Probability density function that evolves with time according to a delay differential

Question

Consider a real valued variable $X(t)$ that evolves with time according to the delay differential

$\frac{dX(t)}{dt} = \alpha X(t-t_0) \int_{t_0}^\infty f(y) h(t-t_0,y) dy - \beta X(t) \int_{t_0}^\infty g(y) h(t,y) dy$

where $h(t,z)$ is a time-evolving probability density over $z$ that is determined by $X$

$h(t,z) \propto \exp{[-\beta \int_{t_0}^z g(y) dy]} \alpha X(t-z)\int_{t_0}^\infty f(y) h(t-z,y) dy$.

Assume that functions $f()$ and $g()$ behave nicely.

My question is: does this make sense? It seems rather circular. In particular I'm concerned that in the limit $z\rightarrow 0$ the expression for $h(.,.)$ approaches a function of itself at an identical time. Perhaps I need to make it $h(t+dt,z)$ on the left hand side? If so, is there an intuitive way to understand this that will help me solve these equations numerically?

A curiosity (sign I'm doing something wrong?) of this formulation is that $z$ seems to sometimes behave like a random variable and sometimes not.

Answer 1

So I was on the right track, but my PDE made no sense.

Let's simplify by letting $t_0=0$ and removing the delay. Then

$$ \frac{\partial X}{\partial t}(t,z) + \frac{\partial X}{\partial z}(t,z) = -\beta g(z) X(t,z) $$

fully specifies the decay along so-called characteristics (loci where $t=z + c$) and

$$ X(t,0) = \alpha \int_0^\infty f(y)X(t,y) dy $$

is a time varying, non-local (because of the integral) boundary condition which governs growth / renewal.

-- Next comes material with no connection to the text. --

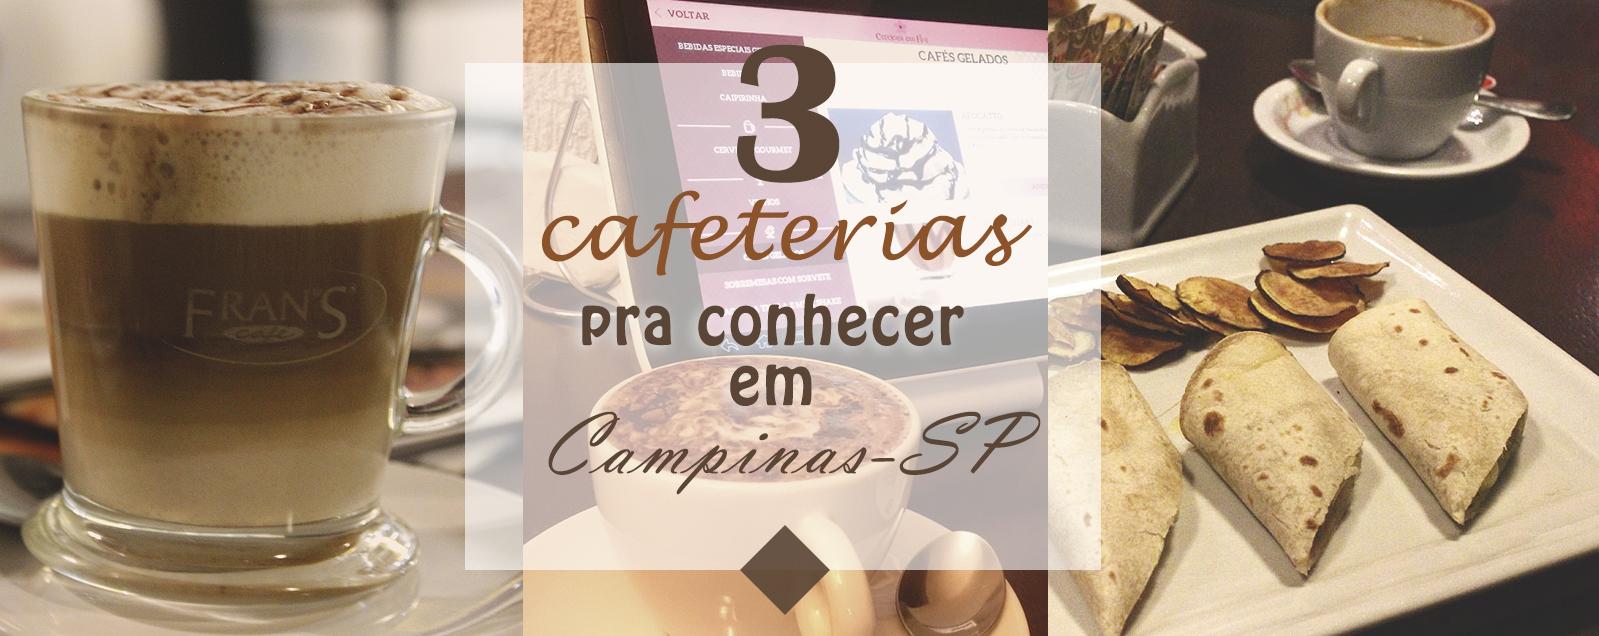 capa 3 cafeterias campinas

Apparently this style of model was originally conceived by Scottish physician and amateur mathematician A. G. McKendrick in 1926, by all accounts a remarkable fellow.

The PDE reduces to an ODE along characteristics, greatly simplifying its solution.

Thanks to my friend George Leigh for help with this one.

Answer 2

Ok, here's my own stab at this.

First thing to realise is that you're dealing with a partial differential equation. To see this, consider the initial condition required: the distribution $h$ over $z$ must be completely specified, not just at a single point. Of course you also have delays making this a delay partial differential: the full initial condition is actually a function of both $z$ (from $t_0$ to $\infty$) and $t$ (from $t-t_0$ to $t$).

The second thing to realise is that it makes more sense to consider $X$ alone as the unknown function of $t$ and $z$, and just use integrals of $X$ to achieve the work done by $h$ when needed. This simplifies the situation considerably, as well as removing the random - non-random variable weirdness:

$\frac{\partial X}{\partial t}(t,z) = \alpha \int_{t_0}^\infty X(t-z,y)f(y)dy$

$\frac{\partial X}{\partial z}(t,z) = -\beta \int_{t_0}^z X(t,y)g(y)dy$

The intuitive picture here is of a rectangular two dimensional sheet moving smoothly forward along one dimension (the time dimension) and smoothly changing shape as it does so with the "front corner" increasing as a function of the "back edge" and and the front edge decaying from that increase as a function of the front edge.

As far as numerical solutions go, this is an integro delay partial differential, so it might be hard, but note that the rates of change appear to be independent of each other so there are probably some simplifying tricks.